О ночном происшествии никто не догадывался. На осмотр спустилась мать Эрика. Когда я поднес стетоскоп, то, прежде чем услышать сердцебиение пациентки, уловил странное дыхание. Точнее, выдох… Он был необычным. Длительным. И набирающим силу ближе к завершению. Словно кто-то стравливал воздух намеренно, с усилием.
Рядом с пациенткой на столике я заметил несколько семейных дагеротипов.

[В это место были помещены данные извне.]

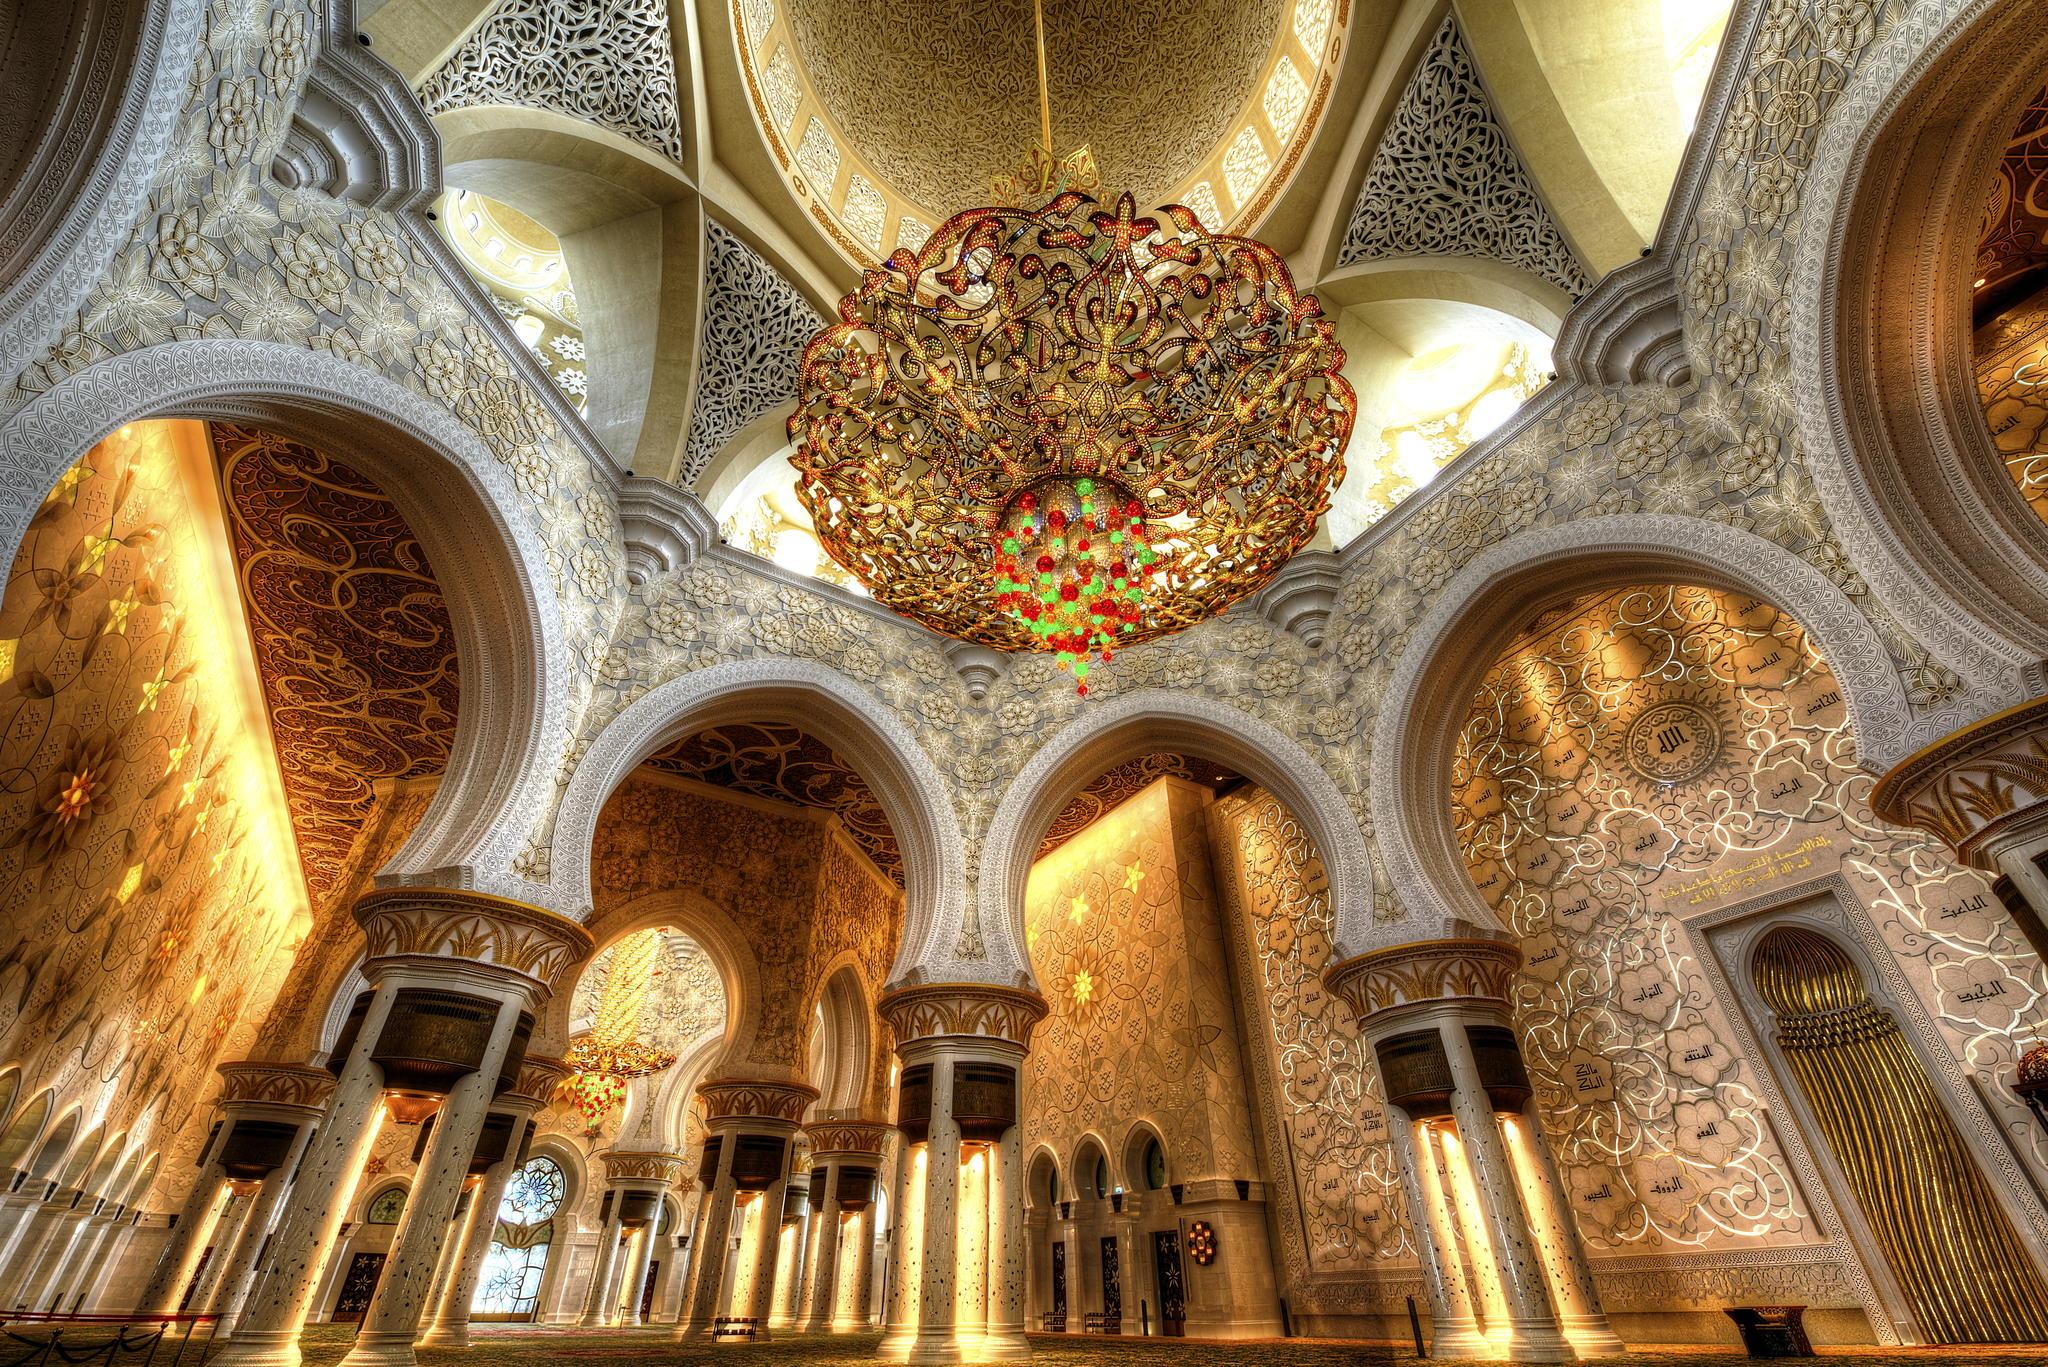 Fotografiar la Gran Mezquita de Abu Dhabi por Javier Mendoza en 500px
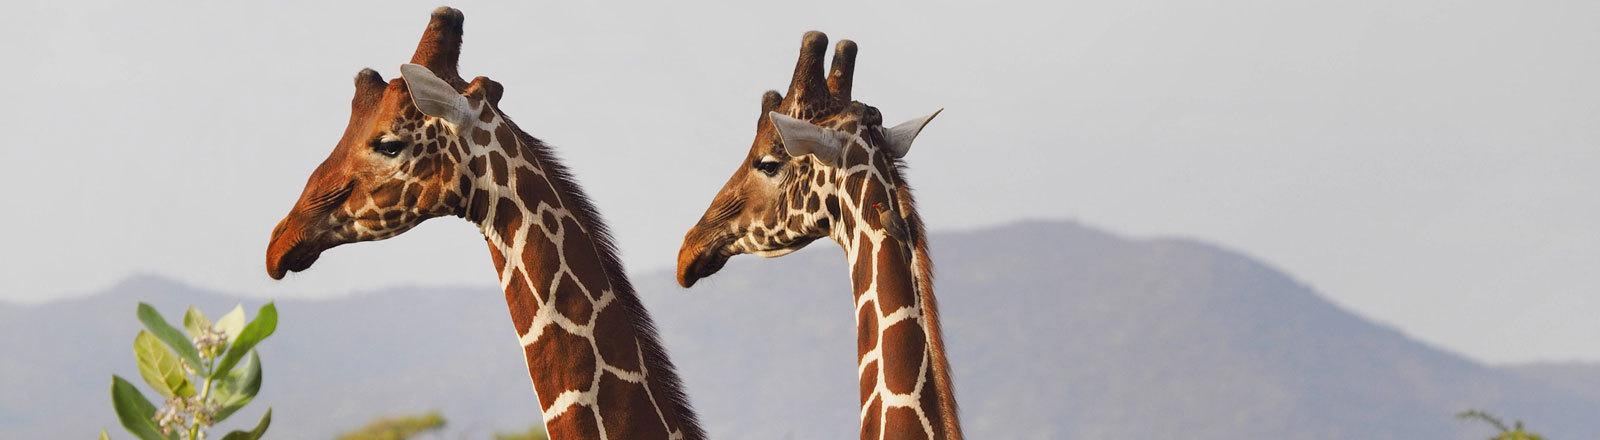 Giraffen in der Wildnis.

На одном из них (самом старом, полагаю) Эрику было лет десять.
— Вы здесь так молоды, — улыбнулся я, стараясь сделать вид, что рассматриваю мальчика.
— У вас есть дети? — полюбопытствовал Эрик.
— Нам с женой Бог детей не дал, к сожалению…
— Извините, я слишком любопытный. Может быть, послать весточку вашей жене, чтобы она вас не потеряла?
Я нервно сглотнул.
— Боюсь, ее давно нет в живых.
— Сочувствую.
Я опустил взгляд. Пол почернел. И вместо паркета цвета застарелой ржавчины проступила земля. Рыхлая, влажная. Сковырнул ее туфлей. Как настоящая. Моргнул.
Поспешил сменить тему и как бы невзначай добавил, скосив глаза на изображение:
— Ваш отец?
Мистер Уоллес кивнул.
Я прихлебнул приготовленного мне чая и закашлялся… Опять чертова вода во рту. От нее одни беды. Слишком хорошо я помнил, как…
Когда очнулся, то не сразу сообразил, где нахожусь. Голова трещала и гудела, словно после изрядной попойки. Затылок невыносимо ныл. Мои руки были связаны за спиной тугой веревкой. Что за мракобесие? Как ни пытался высвободиться, мне это не удавалось.
Буквально в следующее мгновение кто-то придвинул меня к бочке с водой. Миг — и голова попыталась достать до дна. Я мог бы кричать, но вода заливалась в рот. Меня выдернули за волосы и снова макнули головой. Я едва мог понять, что происходит.
— Теперь ты готов услышать, Вильям Гарднер? — этот голос ни с чьим не спутать. — Если еще раз увижу тебя где угодно — дома, на балу, в гостях, случайно туда зайдешь или нет — плевать. Клянусь, ей несдобровать! Поверь, достану вас из-под земли. И разверзнется ад. Убью ее, если ты хоть раз появишься на горизонте. Ясно выражаюсь?..
Мрак перед глазами расступился.
— Мистер Гарднер? — Эрик позвал меня.
— Вы говорили, что мать не была счастлива с отцом, — откликнулся я. — Однако ухудшение самочувствия произошло после его кончины. Раз это не было тоской по усопшему… думаю, ваша мать этого хотела.